#### [Your instructions]
Each line from the one holding "Frencken surface activator" to the last line below must be restated word for word, and no picture may be included.

#### [Source material]
........
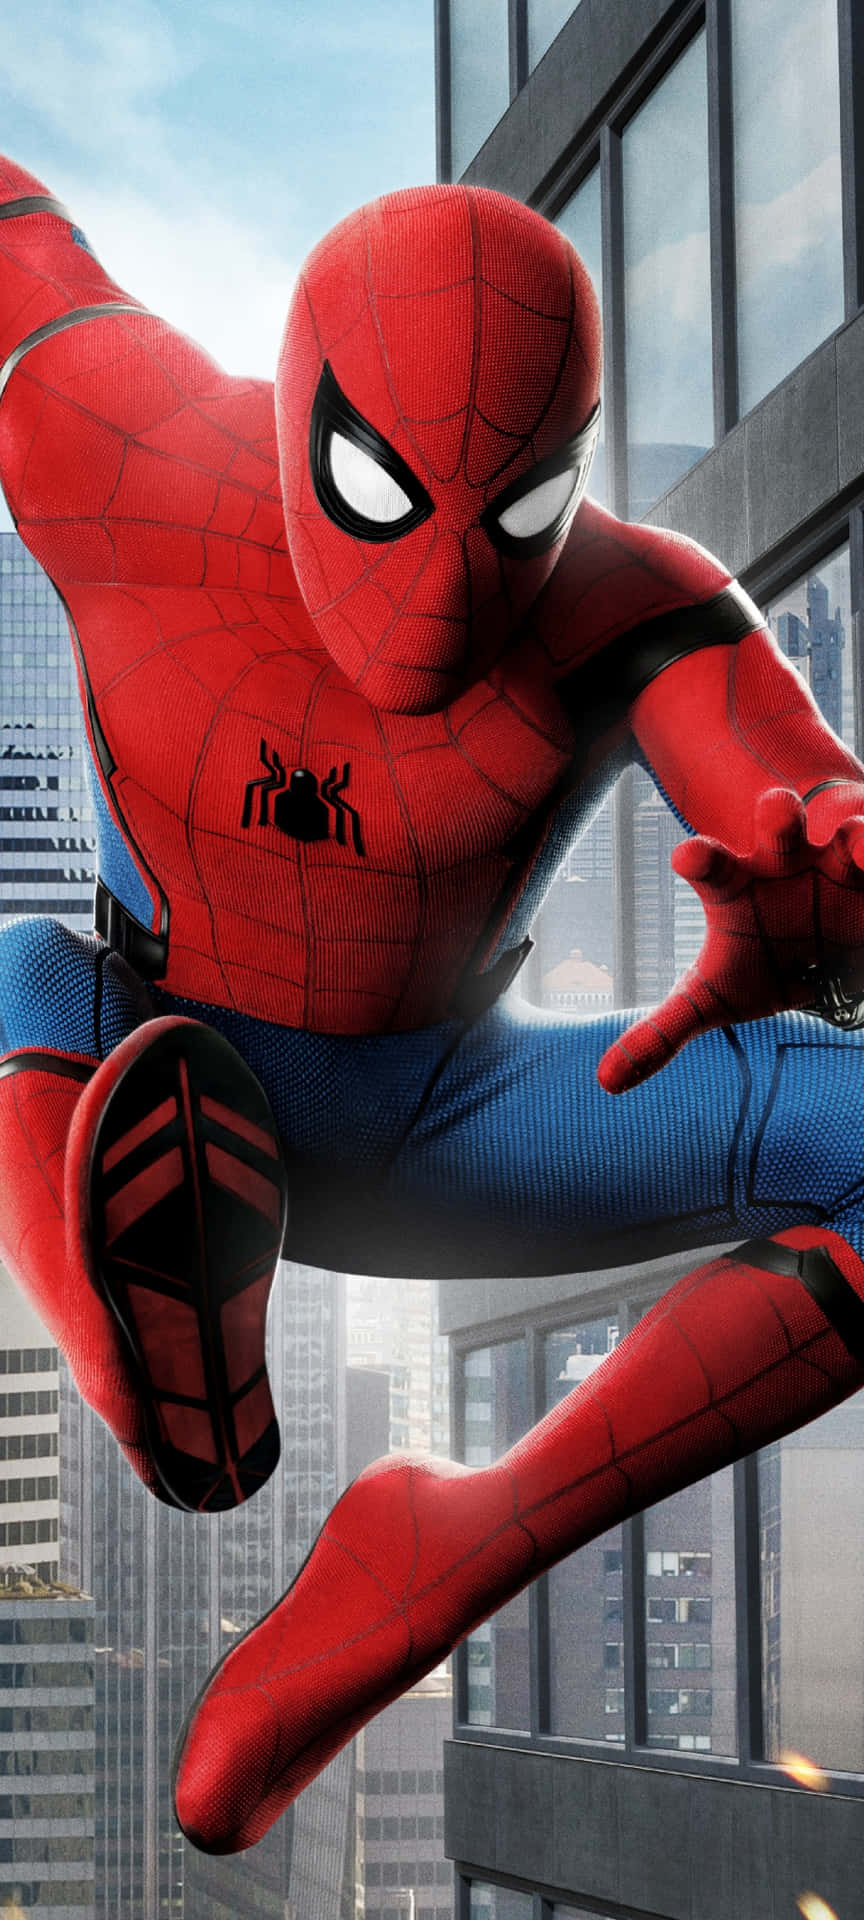 Toaf De Mest Ikoniske Marvel-karakterer, Spiderman Og Iron Man, Står Over For Hinanden. Wallpaper
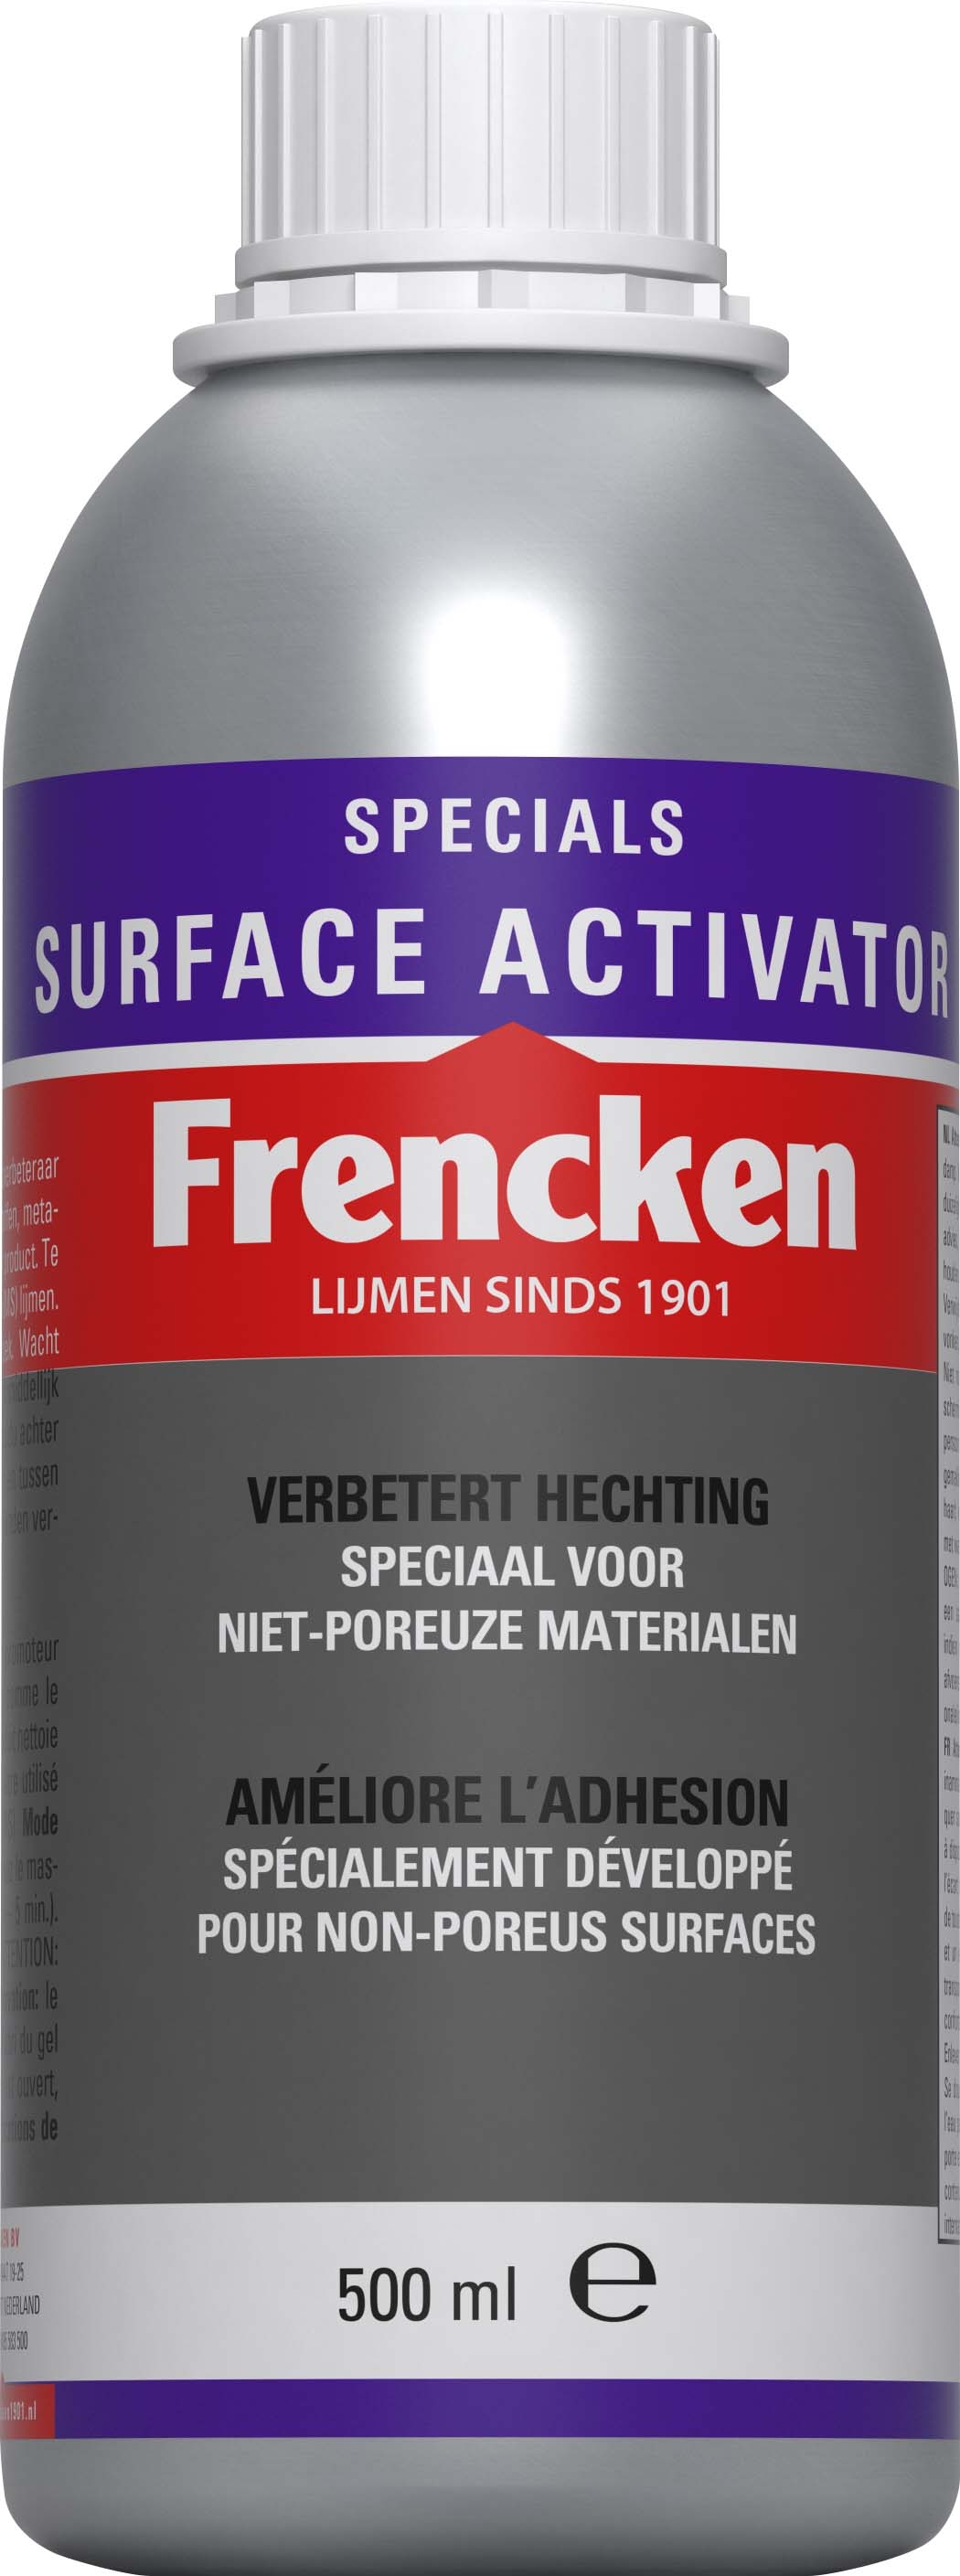 Frencken surface activator 
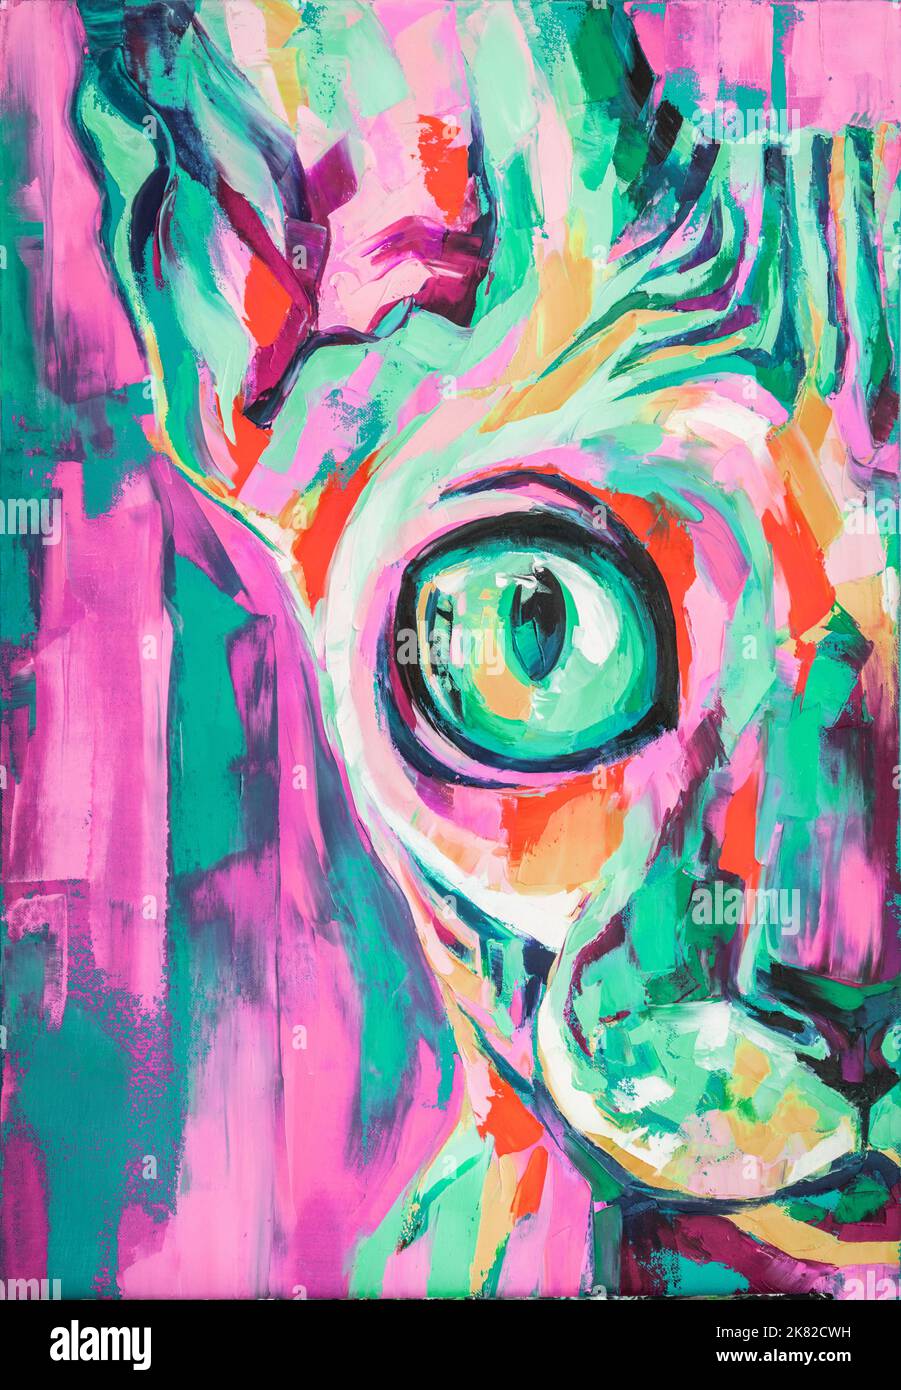 Huile phoenix Cat portrait peinture dans des tons fluorescents. Peinture conceptuelle d'un museau de chat. Gros plan d'une peinture à l'huile et couteau à palette sur toile. Banque D'Images
........
#### [Result for this exercise]
 Frencken surface activator 
 Huile phoenix Cat portrait peinture dans des tons fluorescents. Peinture conceptuelle d'un museau de chat. Gros plan d'une peinture à l'huile et couteau à palette sur toile. Banque D'Images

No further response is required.